Class of chemical compounds

3,4,5-Trimethoxyamphetamine (3,4,5-TMA; TMA-1).

3C (3C-x), also known as 4-substituted 3,5-dimethoxyamphetamines, substituted 3,4,5-trimethoxyamphetamine (3,4,5-TMA or TMA-1) analogues, or 3C-scalines, is a general name for the family of psychedelic amphetamines containing methoxy groups at the 3 and 5 positions of the benzene ring. These compounds are analogues of 3,4,5-trimethoxyamphetamine (3,4,5-TMA or TMA-1).

The 3C drugs are not the amphetamine counterparts of the 2C drugs, which are 4-substituted 2,5-dimethoxyphenethylamines.

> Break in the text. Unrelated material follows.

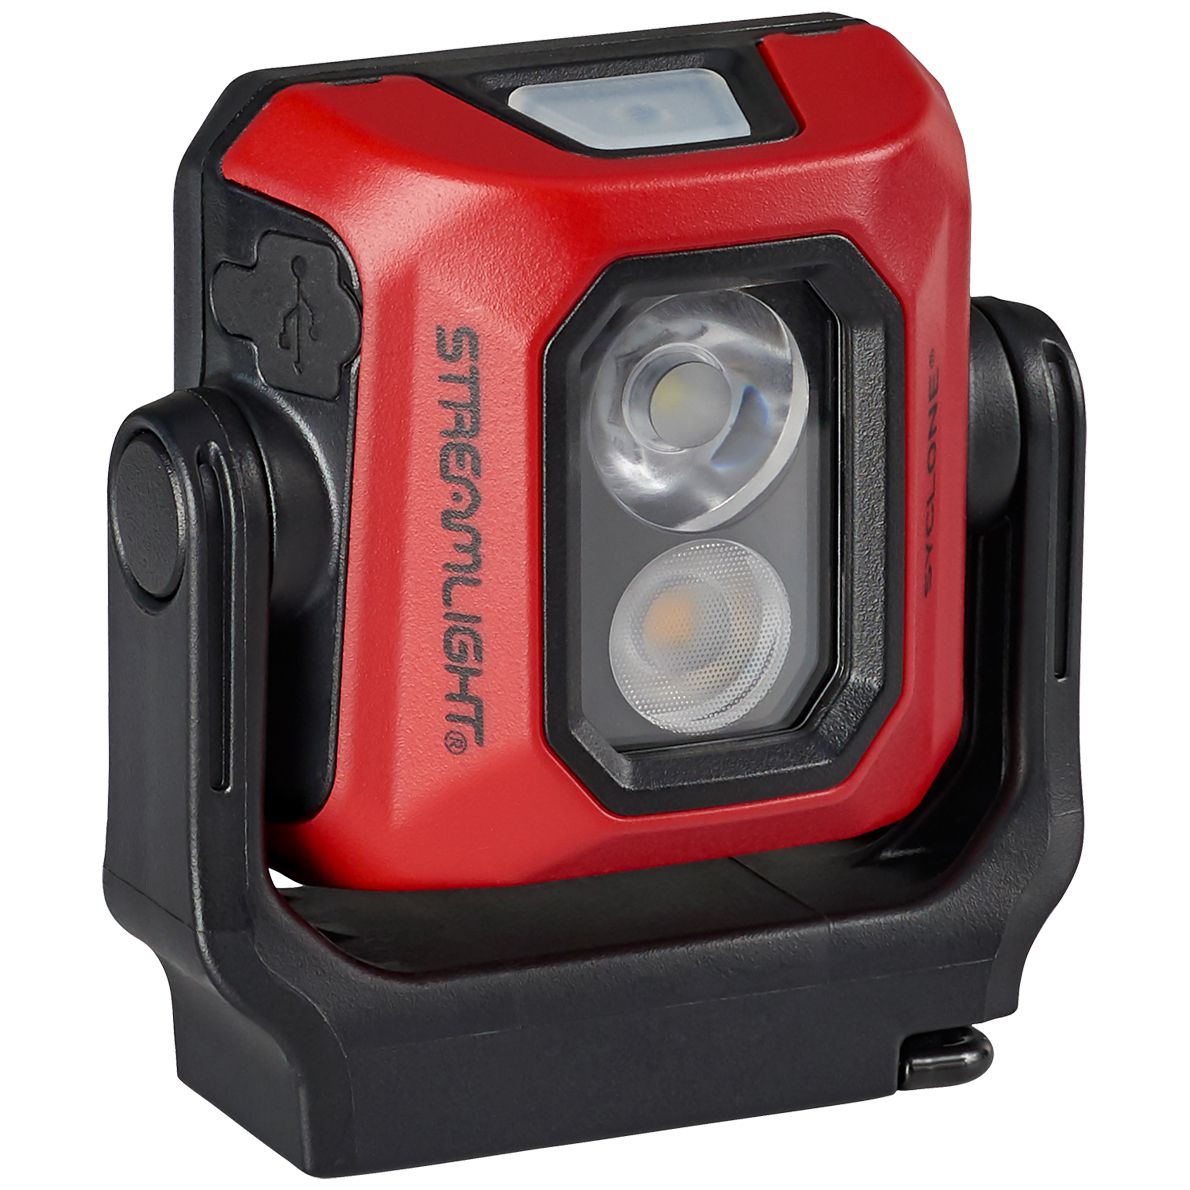 Streamlight Syclone LED Work Light - Rechargeable & Waterproof

Instead, the DOx drugs, which are 4-substituted 2,5-dimethoxyamphetamines, are the amphetamine counterparts of the 2C drugs. The 3C drugs are the amphetamine counterparts of scalines (4-substituted 3,5-dimethoxyphenethylamines). Moreover, in terms of naming with the "3C" prefix, the 3C drugs are generally actually derivatives of TMA-1 with the 4-position methoxy group extended rather than having any 4-position substituent. In this regard, they would be the 3,5-dimethoxyamphetamine counterparts of the 2C-O (2,4,5-trimethoxyphenethylamine) drugs (e.g., 2C-O-4) and the 2,4,5-trimethoxyamphetamine (2,4,5-TMA; TMA-2) derivatives (e.g., MEM).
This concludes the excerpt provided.